Problem to work on: Any picture must be dropped, but each line of the data should be duplicated exactly.

[Dataset extract — start]

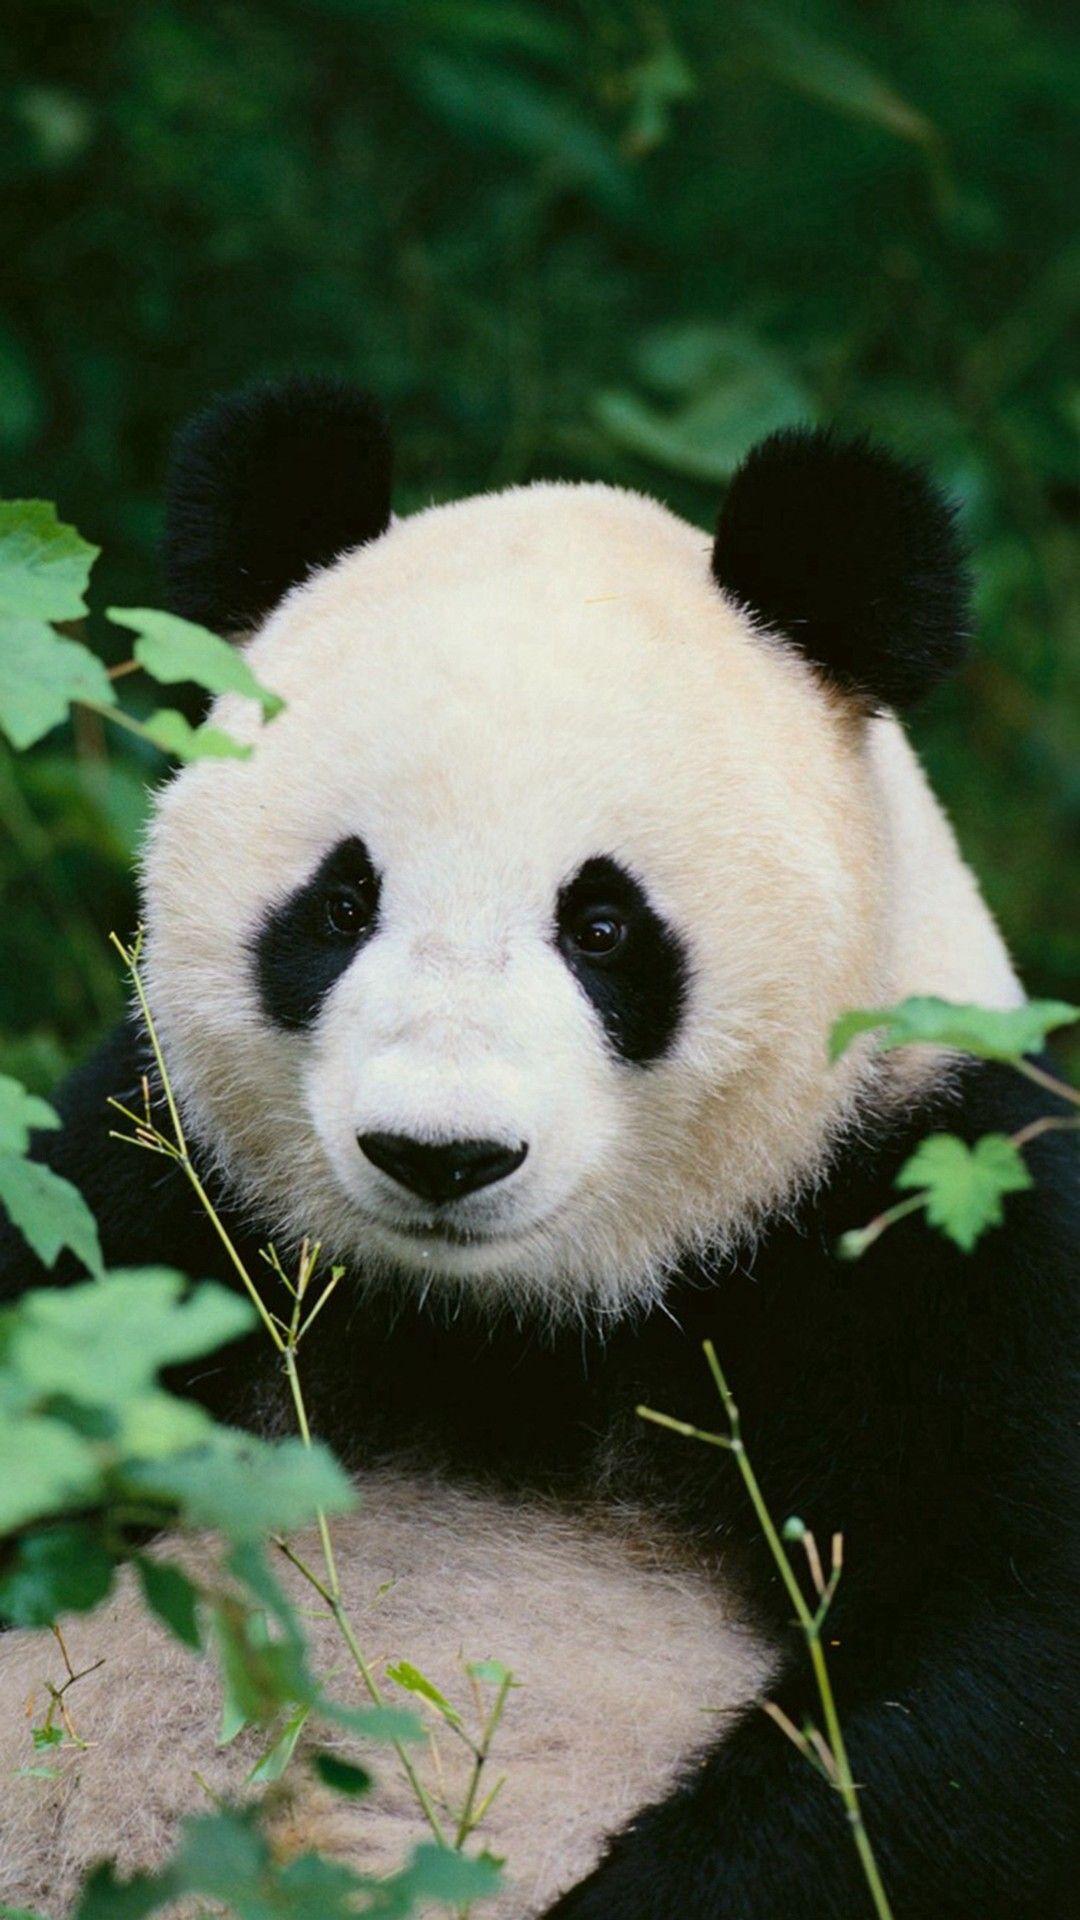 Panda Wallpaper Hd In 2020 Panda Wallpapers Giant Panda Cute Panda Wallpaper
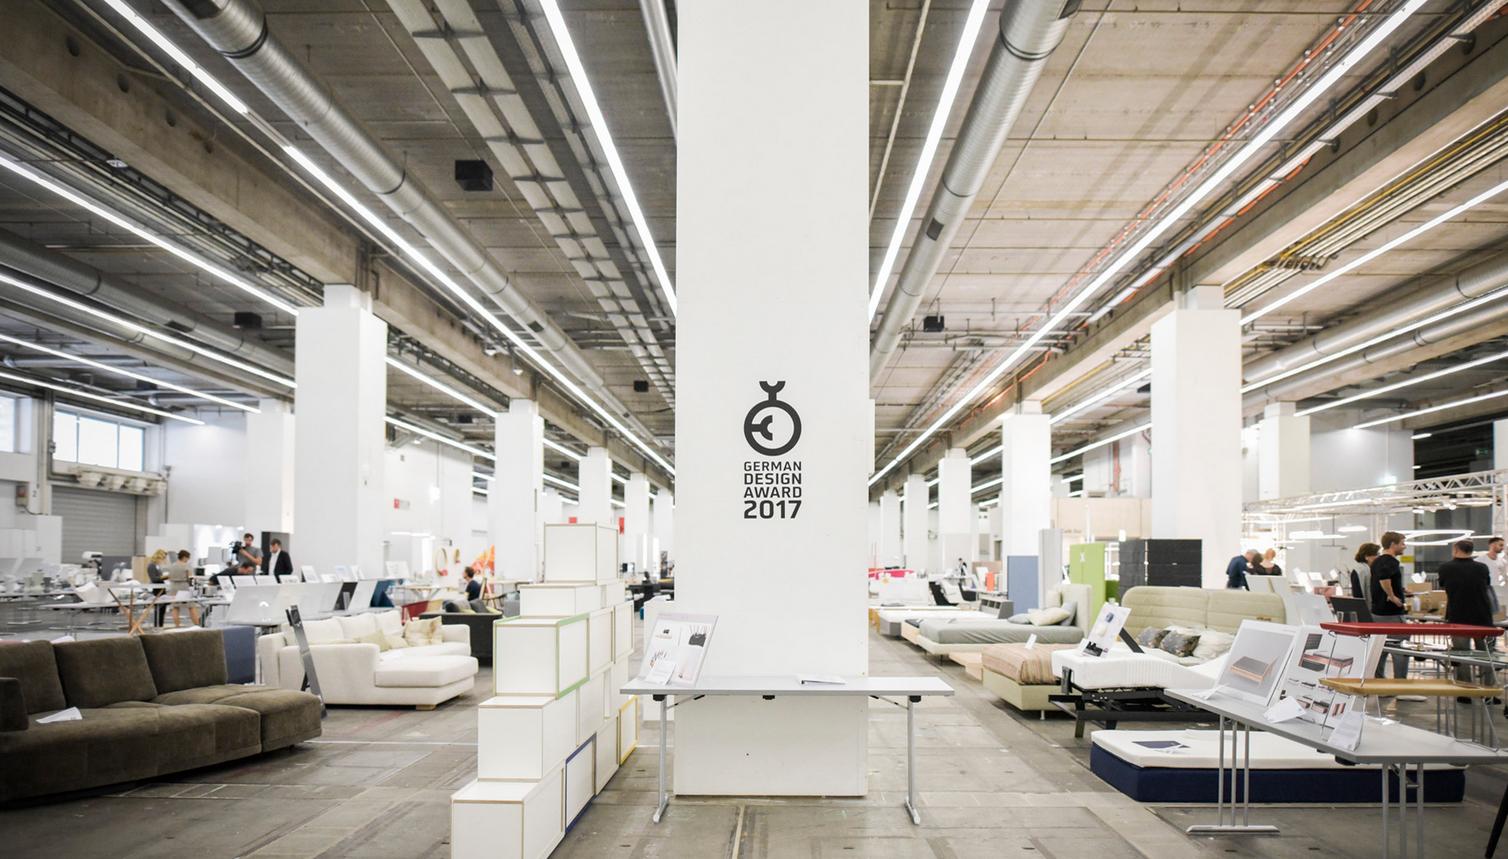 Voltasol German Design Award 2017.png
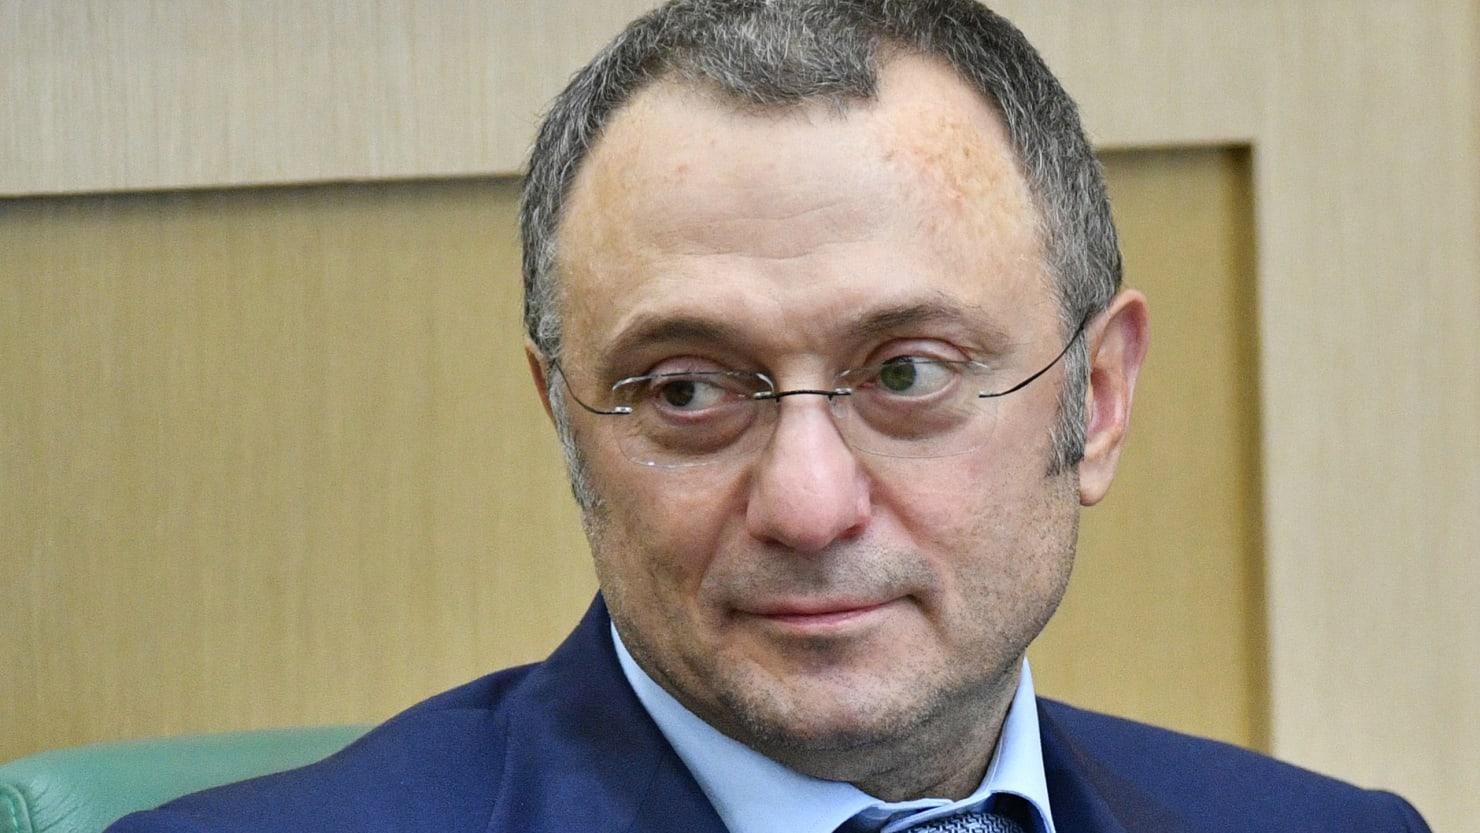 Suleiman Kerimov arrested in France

[Dataset extract — finish]

Result of the task:
 Panda Wallpaper Hd In 2020 Panda Wallpapers Giant Panda Cute Panda Wallpaper
 Voltasol German Design Award 2017.png
 Suleiman Kerimov arrested in France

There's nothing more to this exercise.